Middle-Earth: Shadow of Mordor
Publisher: Warner Bros. Interactive Developer: Monolith
Platform: PlayStation 4, Xbox One, PlayStation 3, Xbox 360, PC
Warner Bros. took a creative risk, for a commercial publisher, when they allowed Monolith some creative freedom with the Lord of the Rings franchise. It wound up paying off in multiple ways for the audience. For one, we received a cool, moodier perspective of J.R.R. Tolkien’s fantasy world. In another way, Monolith got to implement their unique Nemesis System.
In Middle-Earth: Shadow of Mordor, players take the role of Tailon, a ranger that is out for revenge against Sauron’s Orc horde. Among this dark army lurk special, high ranking enemies that will remember their confrontations with Talion, note his actions, and then begin to alter their behavior accordingly in future battles.

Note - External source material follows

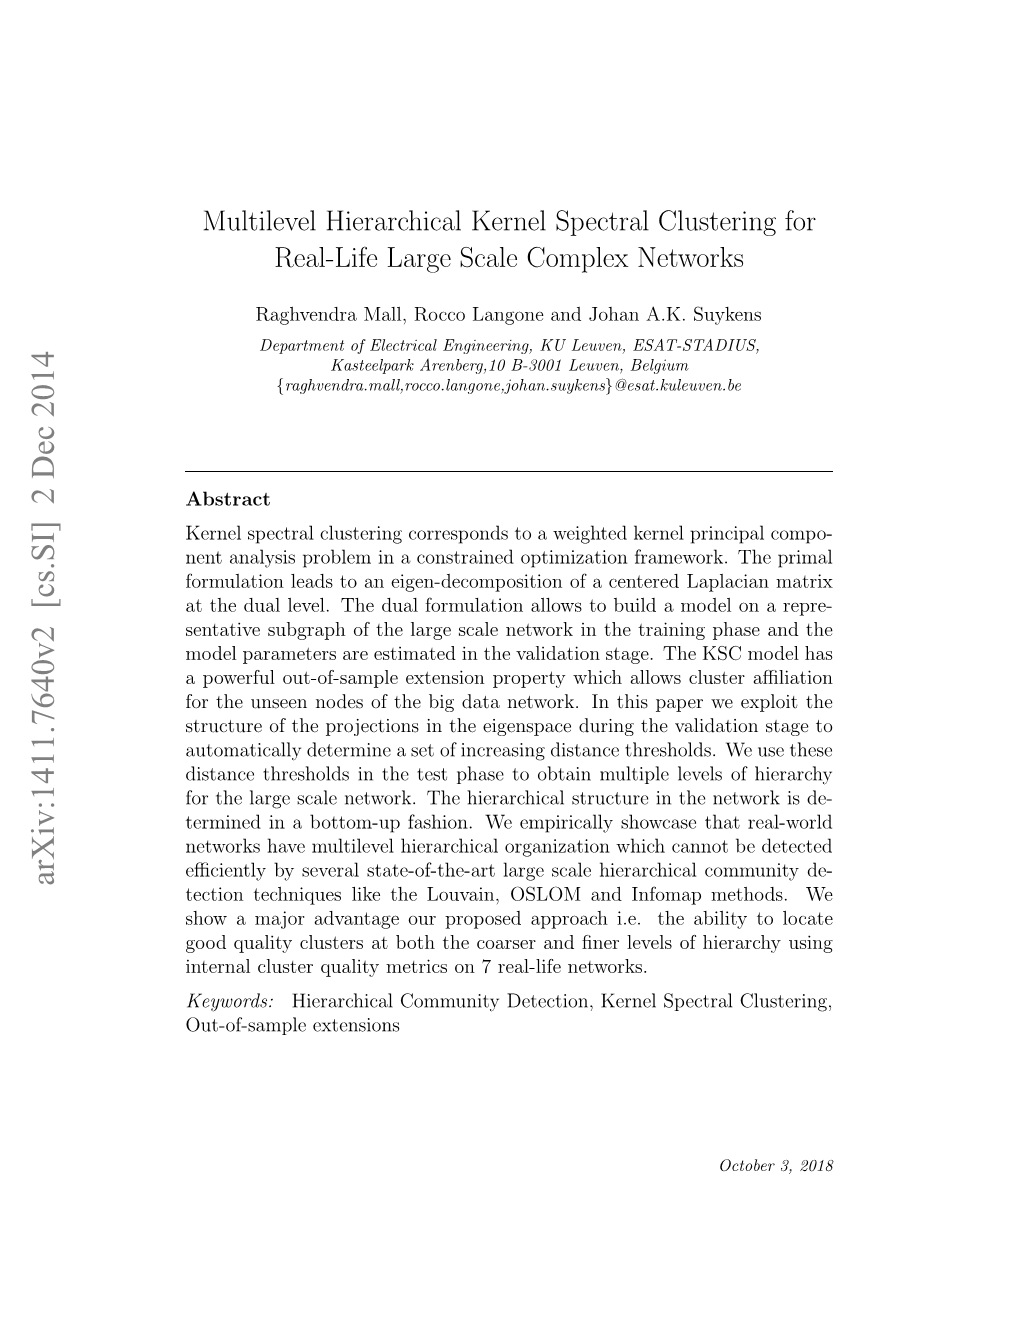 Multilevel Hierarchical Kernel Spectral Clustering for Real-Life Large

This creates an open world environment that features vastly specialized and personal confrontations, as these altered enemies begin to go off-the-rails and pursue the player in unique ways. It’s a new level of crafting the game’s artificial intelligence on the fly, which we hope will carry over to other games in 2015.
Alien: Isolation
Publisher: Sega Developer: Creative Assembly
Platform: PlayStation 4, Xbox One, PlayStation 3, Xbox 360, PC
When it comes to making a positive change to a genre, you don’t necessarily have to scrap everything and reinvent the wheel. Sometimes if you just rethink how we use a spoke or where we place the bolts, you can vastly improve things.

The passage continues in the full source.